There was a time I wouldn’t have let anyone this close. Not to me. Not to this world. But this—this is family.
“Security’s confirmed for the venue,” Lars says, not looking up. “We’ll embed our men across the vendor teams—florals, catering, waitstaff. Every line of sight will be covered. And I’ve mapped two exits in case we need to evacuate fast.”
“Nothing will go sideways,” Zara says before he can finish. Her pen doesn’t pause. Her voice doesn’t so much as waver.
I glance over at her, a rush of pride blooming in my chest. She’s not just adapting to this life. She’s shaping it. Claiming her place in it with a clarity I couldn’t have imagined the first night we crossed paths. She’s not surviving. She’s leading.

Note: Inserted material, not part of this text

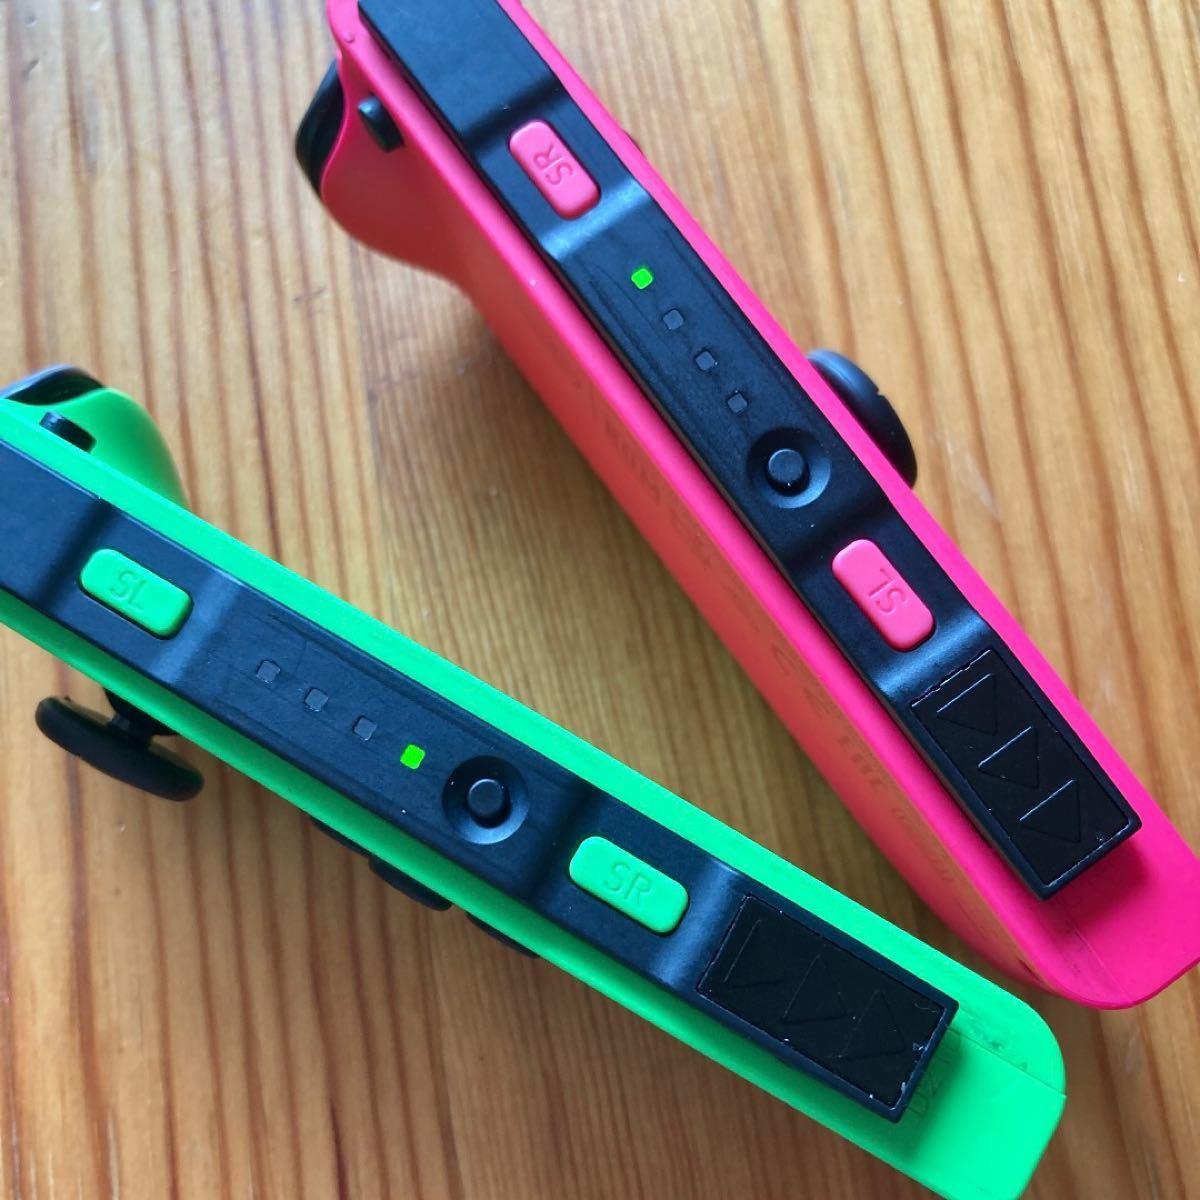 Switch ジョイコン ネオングリーン×ネオンピンクスプラカラー ニンテンドー

“And the reveal?” I ask, my voice curious.
Zara lifts her gaze, and the curl of her lips sends a pulse straight to my chest. “I’m dropping everything mid-speech. I’ll start soft—highlight the foundation, the charity work, the city’s resilience. Then I’ll shift. Pull back the curtain on systemic corruption. Shine the spotlight. By the time I unveil the footagefrom the flash drive, Lachlan Kavanagh will be reduced to a headline. A scandal. And hopefully be in our custody.”
I look at Lars. “Which reminds me. We need to secure Lachlan before police or anyone else get to him. I want him in the warehouse on Central after it’s all said and done.”
Lars nods. “Understood.”
Zara turns to me, brow pinched. “You are not to touch him until I’m there. If he loses any extremities, I want to be the one to do it.”